**WHAT YOU NEED TO DO**
Could you restate word for word only the lines below from the one holding "High Endothelial Venules" to the one holding "Kobe Bryant Quote", inclusive, and leave out the pictures?

**EXTRACTED MATERIAL**
════════

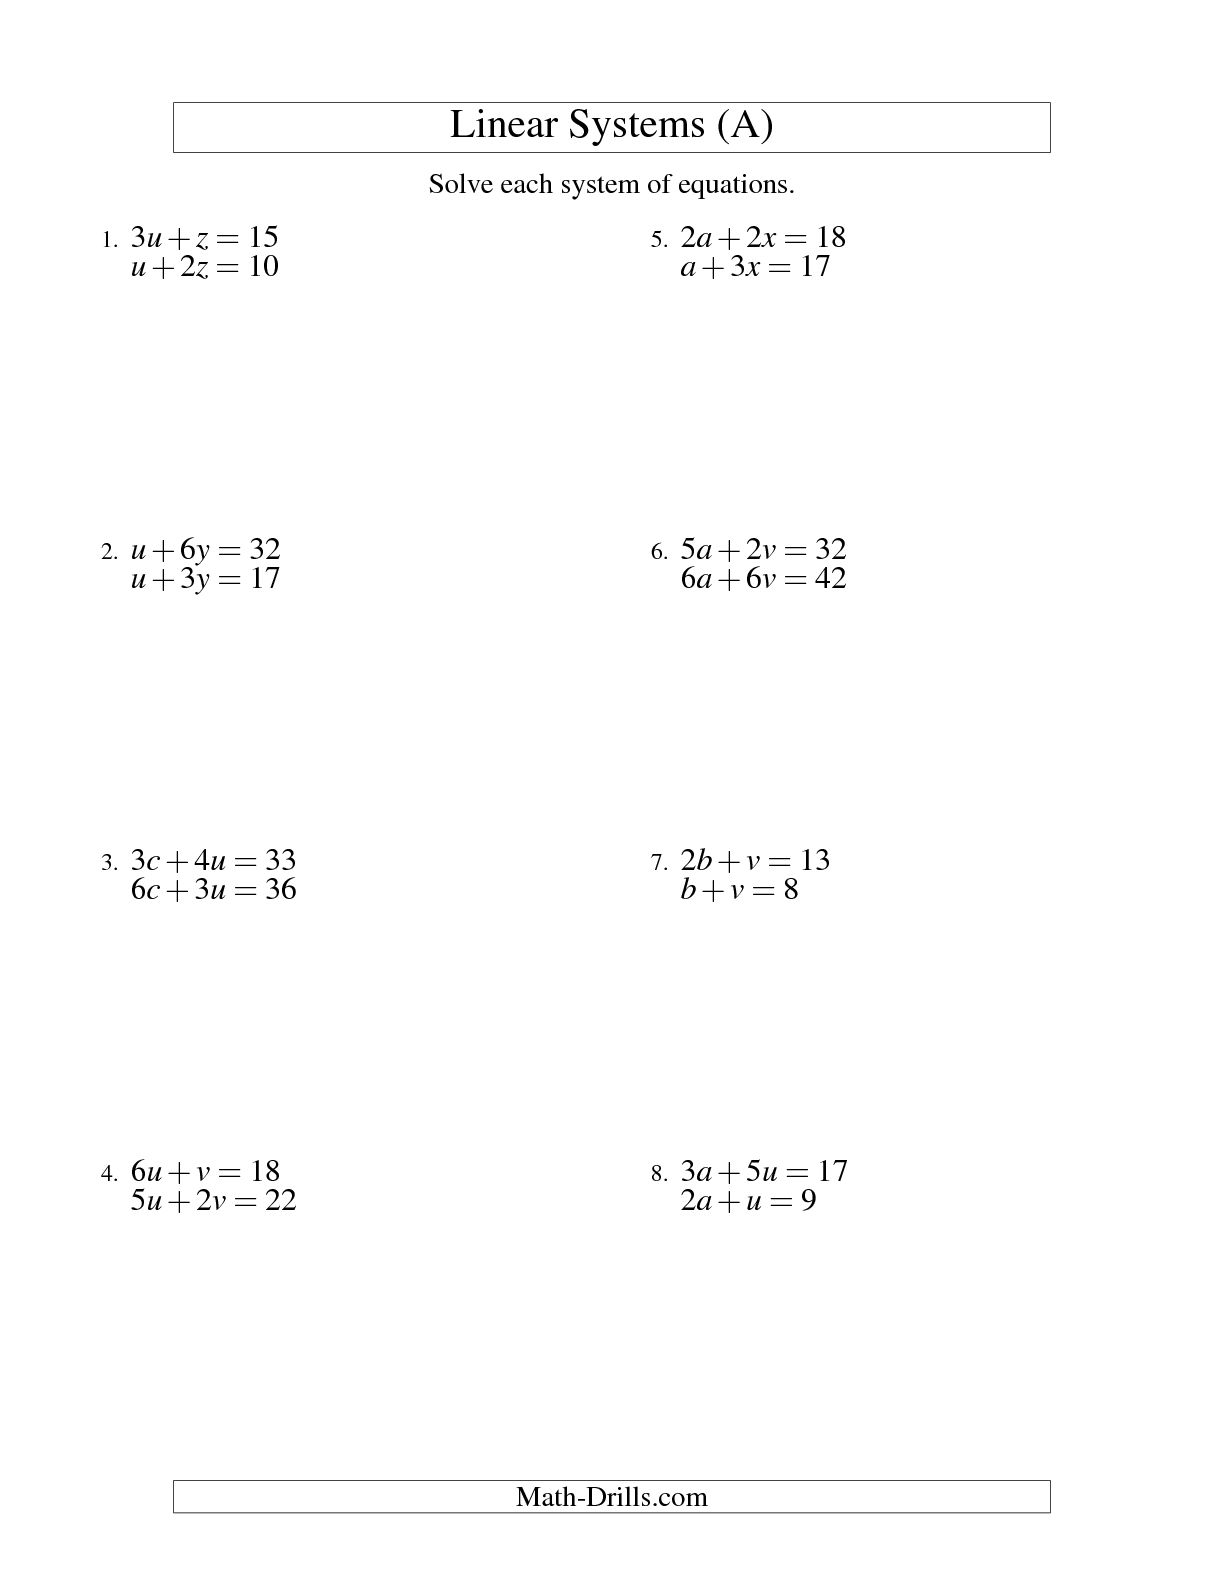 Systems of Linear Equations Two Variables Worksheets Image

════════

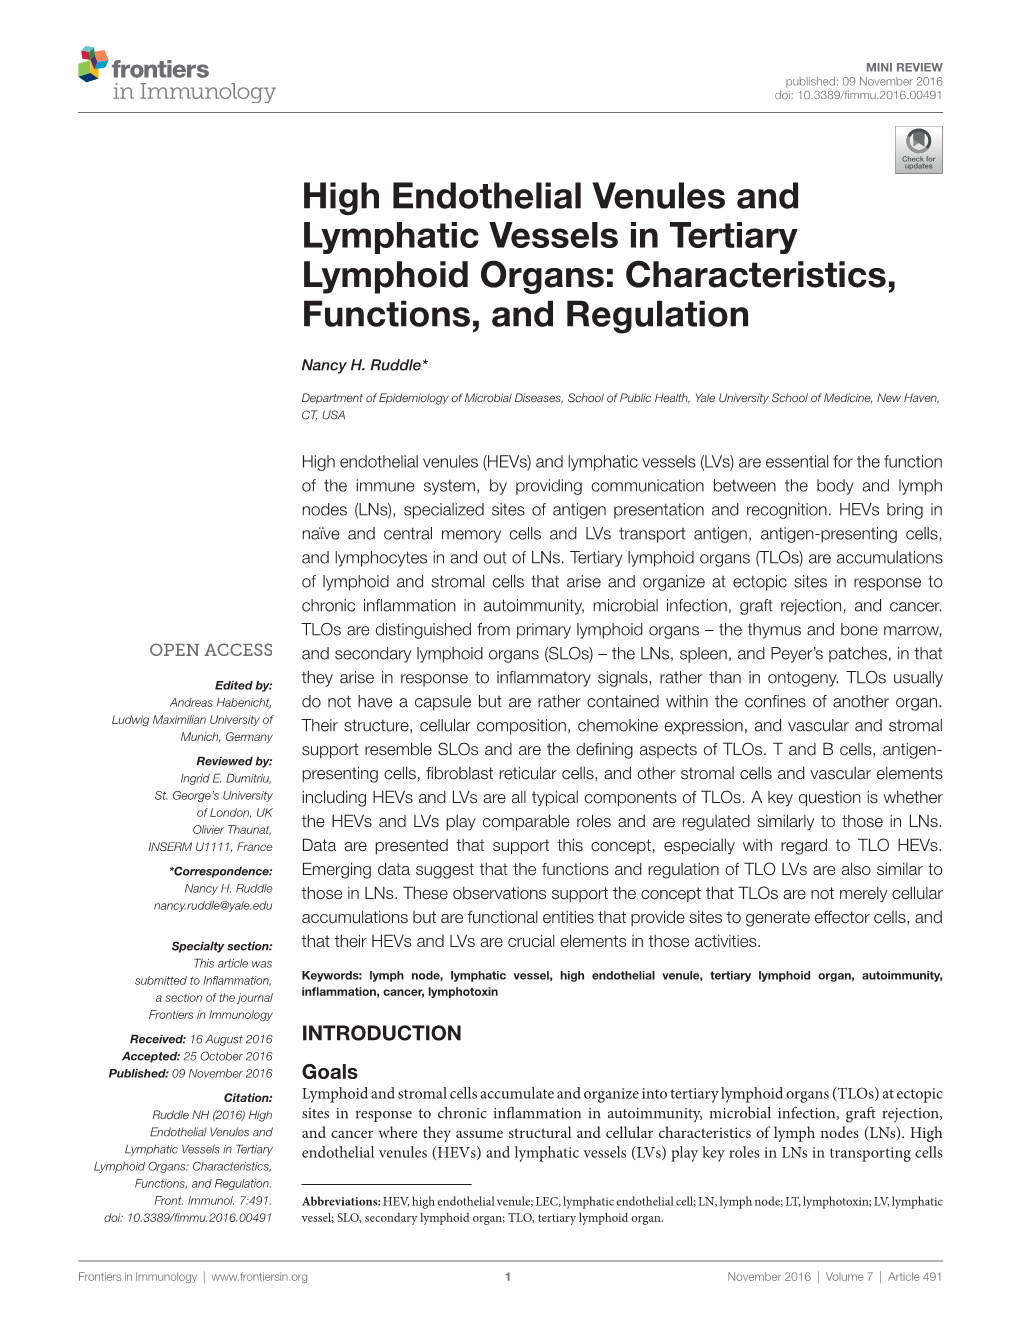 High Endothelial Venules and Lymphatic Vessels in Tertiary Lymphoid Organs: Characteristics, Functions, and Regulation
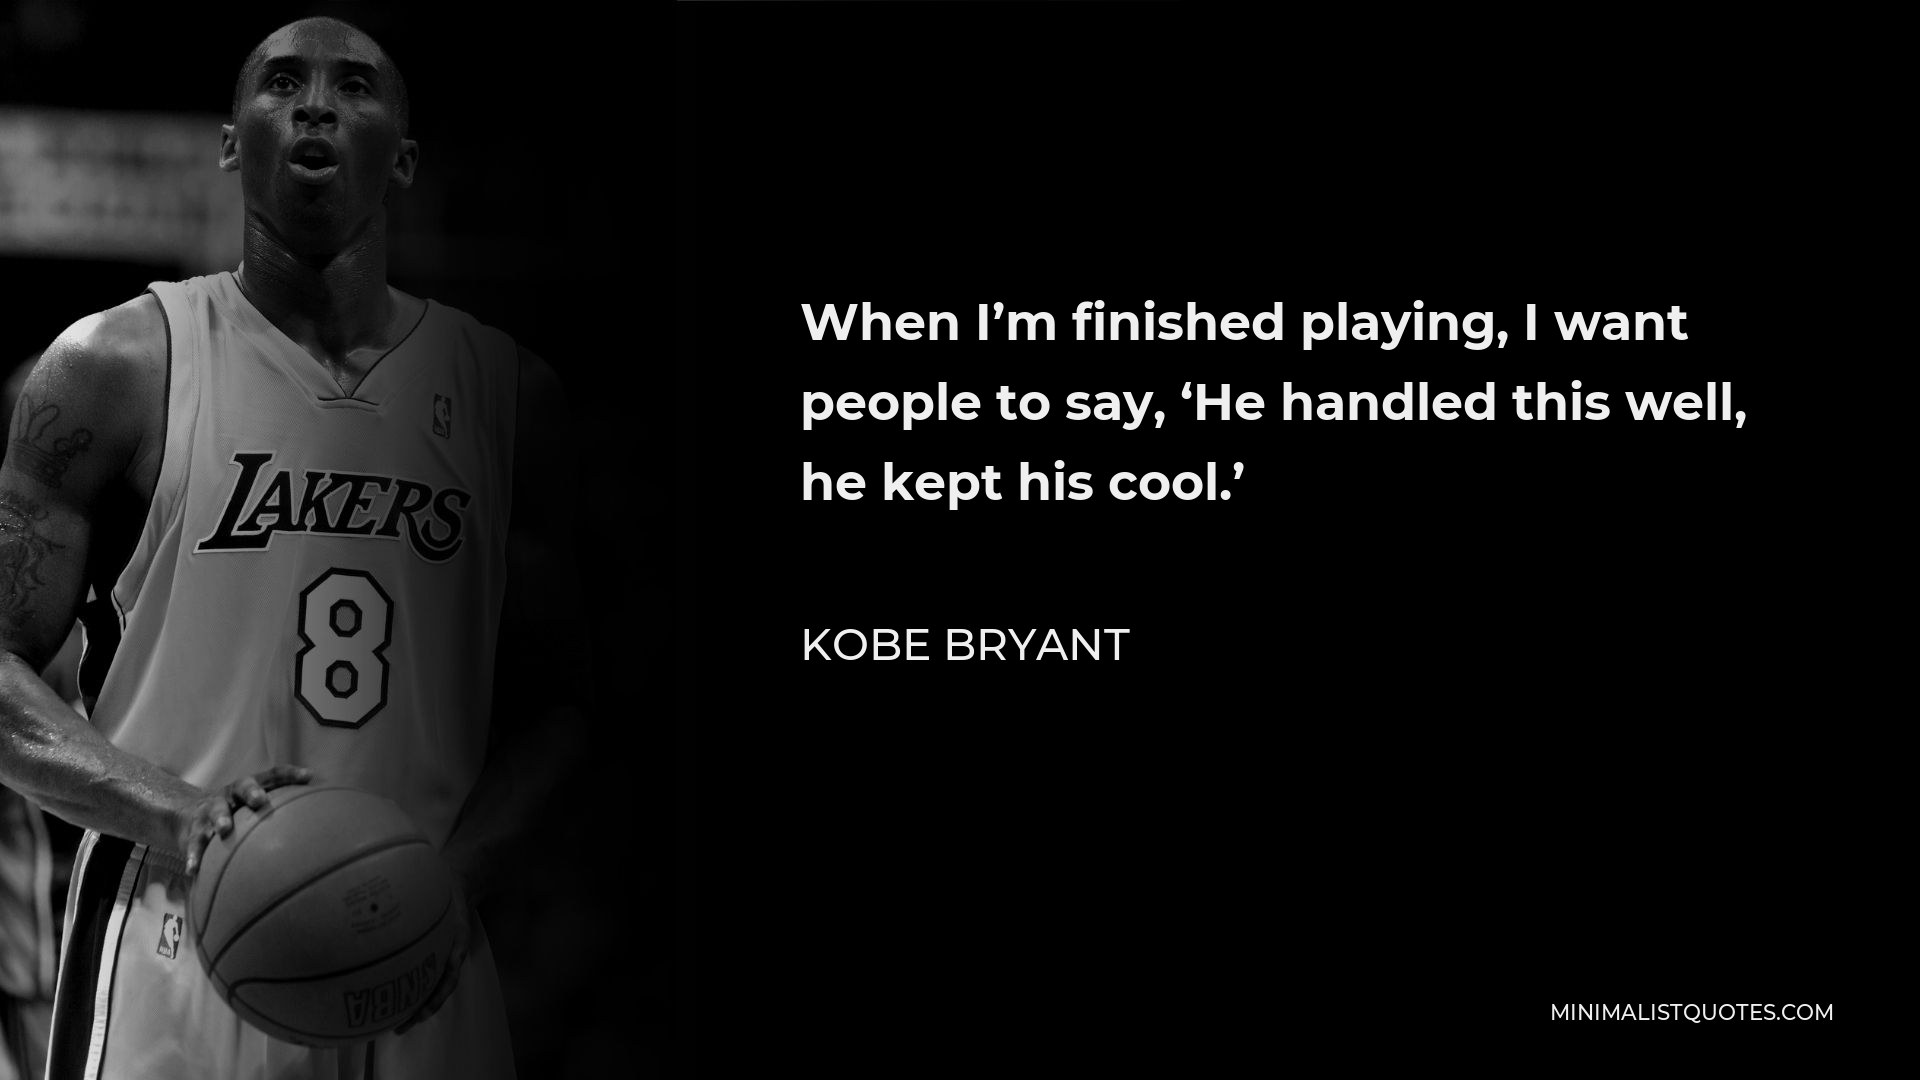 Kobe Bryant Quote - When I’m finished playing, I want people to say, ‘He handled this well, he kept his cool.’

════════

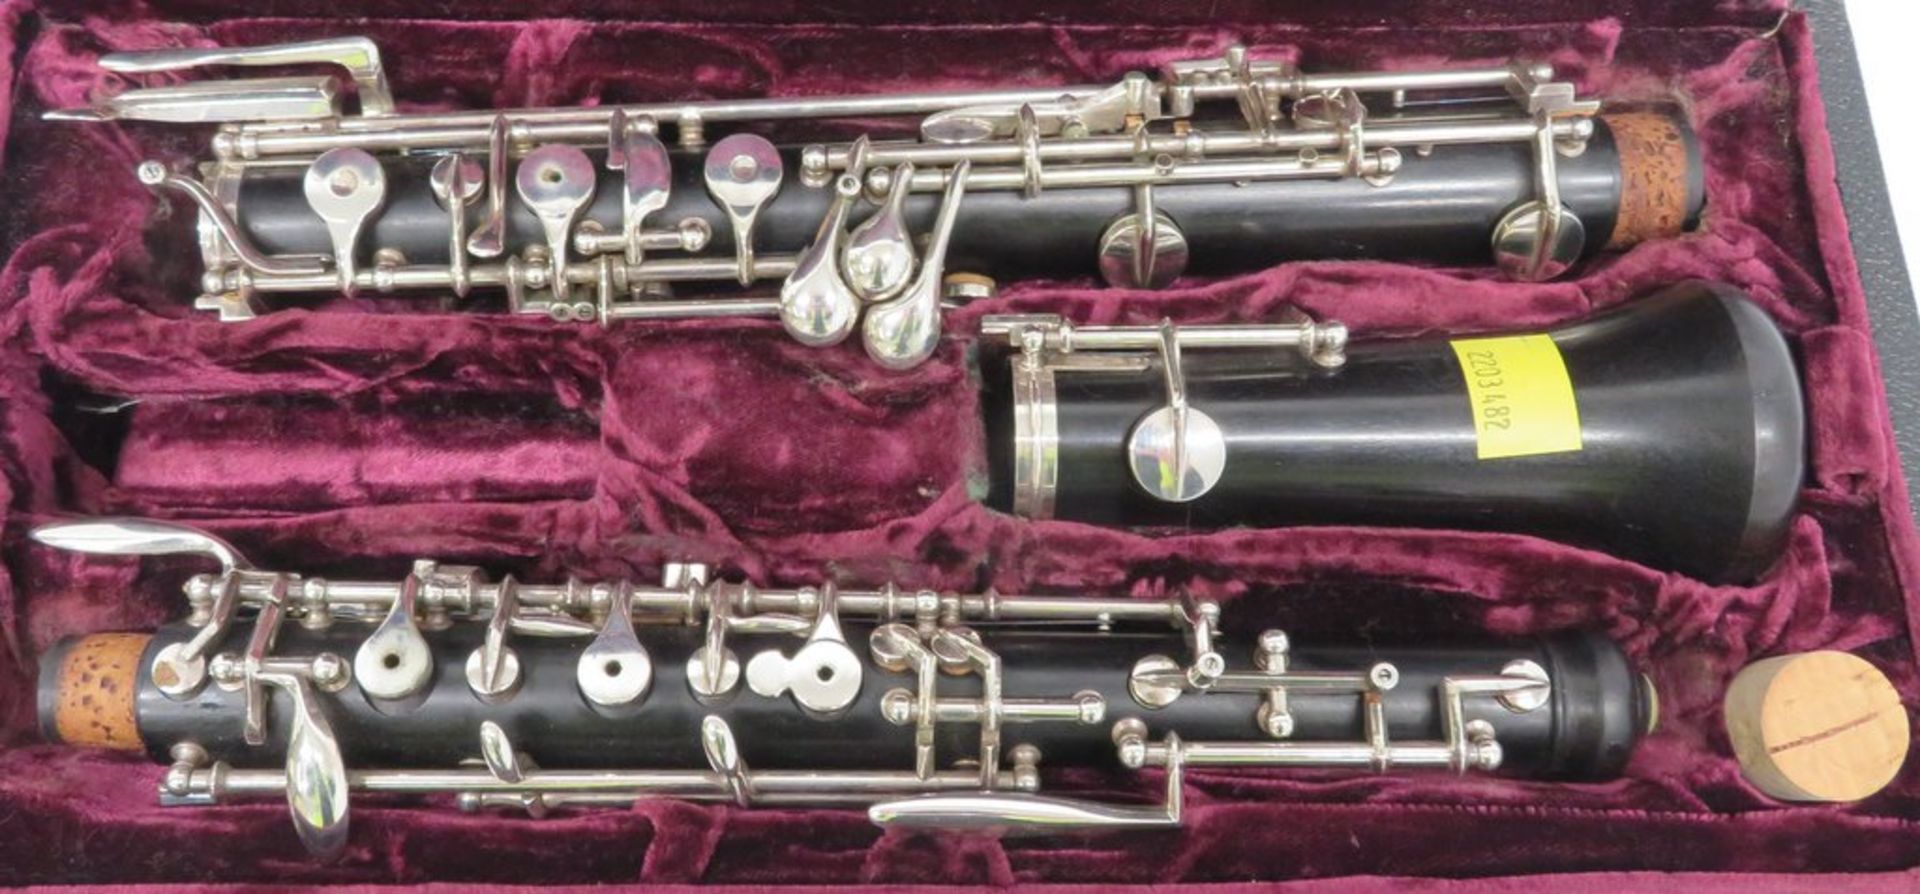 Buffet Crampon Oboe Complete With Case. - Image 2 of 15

════════

**FINISHED TASK**
 High Endothelial Venules and Lymphatic Vessels in Tertiary Lymphoid Organs: Characteristics, Functions, and Regulation
 Kobe Bryant Quote - When I’m finished playing, I want people to say, ‘He handled this well, he kept his cool.’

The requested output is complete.